The Bridge Of Sighs, the book
February 12, 2008
The Bridge Of Sighs by Richard Russo is a book about how we are shaped by our families. Russo who won the Pulitzer Prize in 2002 for his novel, Empire Falls, seems to like to place his novels in dying old New England towns. The Bridge Of Sighs is set primarily in a central New York village of Thomaston, NY where the Lynches and the Marconis live together. Louis C. (Lucy) Lynch and his buddy, Bobby Marconi (who takes his mother's maiden name Noonan when he goes to Europe), are friends in Jr. High and High School but Bobby moves on, becomes a famous painter in Italy and Lou takes over the family store in Thomaston. They share the love of the same girl, Sarah, whom Lou marries, and Bobby pines for over the years.
There are several side stories and minor plots and at times the novel seemed to drag a little for me, but was interesting enough that I finished all 544 pages.
The title, the Bridge Of Sighs, refers to a bridge in Venice where Robert Noonan lives and has his studio.
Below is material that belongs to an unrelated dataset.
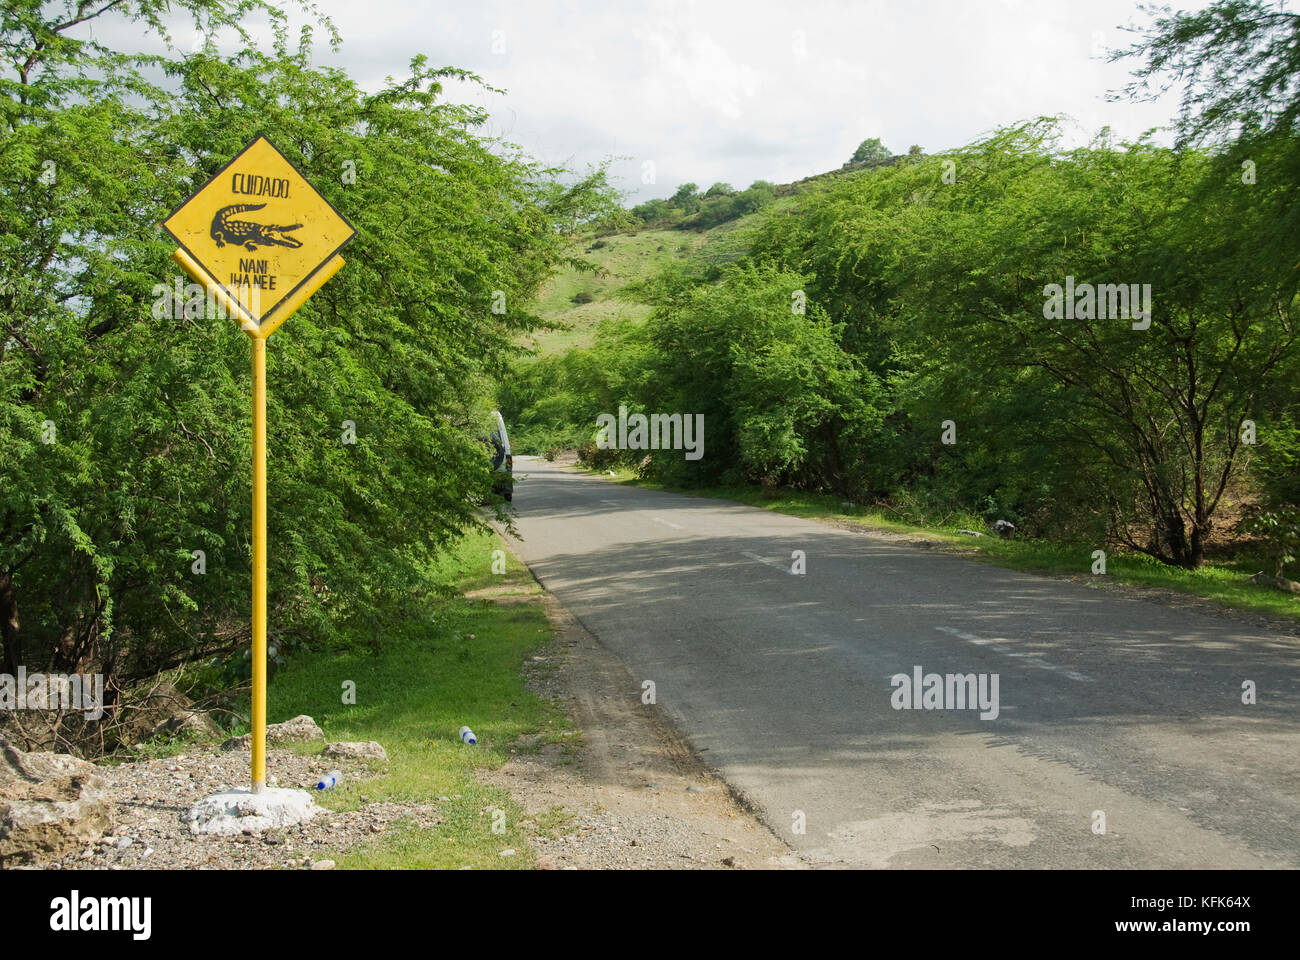 Crocodile crossing sign on the road from Dili to Baucau, Timor-Leste (East Timor). Saltwater crocodiles, Crocodylus porosus, are common in this area. Stock Photo

As convicts were led across the Bridge of Sighs over the canal from the interrogation rooms in the Doge's palace to the prison for their incarceration or execution, they got their last view of Venice before entering the dungeons, and it is said that you could hear them sigh.
As you read about the lives of the Lynches and the Marconi-Noonan's as well as the life of Lou's wife Sarah and her family, you can hear the sighs as they pass over the bridge of time trying to escape the suffering of their mundane lives by creating more fulfilling lives of satisfaction and love with questionable success.
I recommend the Bridge of Sighs, but if you haven't read Empire Falls and want to read one of Richard Russo's books, I would recommend Empire Falls first.